● Records from a dataset:
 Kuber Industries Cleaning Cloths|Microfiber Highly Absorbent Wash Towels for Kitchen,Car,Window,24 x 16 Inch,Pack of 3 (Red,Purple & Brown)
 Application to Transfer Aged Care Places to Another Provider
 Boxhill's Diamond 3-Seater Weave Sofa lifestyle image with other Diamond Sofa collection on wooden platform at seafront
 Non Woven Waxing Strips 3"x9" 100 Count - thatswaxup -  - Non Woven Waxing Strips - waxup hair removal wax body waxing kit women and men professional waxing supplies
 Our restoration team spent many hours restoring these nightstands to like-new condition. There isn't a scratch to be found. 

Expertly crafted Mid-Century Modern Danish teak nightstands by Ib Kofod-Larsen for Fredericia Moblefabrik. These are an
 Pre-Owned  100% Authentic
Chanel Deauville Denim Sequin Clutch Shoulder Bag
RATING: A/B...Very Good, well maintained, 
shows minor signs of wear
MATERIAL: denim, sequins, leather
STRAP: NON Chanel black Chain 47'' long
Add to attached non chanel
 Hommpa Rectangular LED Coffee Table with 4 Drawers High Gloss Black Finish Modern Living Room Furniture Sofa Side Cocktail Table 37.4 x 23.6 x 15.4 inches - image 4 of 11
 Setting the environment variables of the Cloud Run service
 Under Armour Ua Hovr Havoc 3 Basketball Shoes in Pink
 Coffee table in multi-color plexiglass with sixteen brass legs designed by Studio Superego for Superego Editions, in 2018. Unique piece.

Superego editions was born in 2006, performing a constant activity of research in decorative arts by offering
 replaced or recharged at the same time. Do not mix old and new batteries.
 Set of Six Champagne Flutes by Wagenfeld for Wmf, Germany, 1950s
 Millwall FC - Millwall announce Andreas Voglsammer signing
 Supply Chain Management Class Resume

● PROMPT: The lines above that hold the string "nightstands" are to be located and copied.

● RESPONSE TO THIS TASK:
 Our restoration team spent many hours restoring these nightstands to like-new condition. There isn't a scratch to be found. 
Expertly crafted Mid-Century Modern Danish teak nightstands by Ib Kofod-Larsen for Fredericia Moblefabrik. These are an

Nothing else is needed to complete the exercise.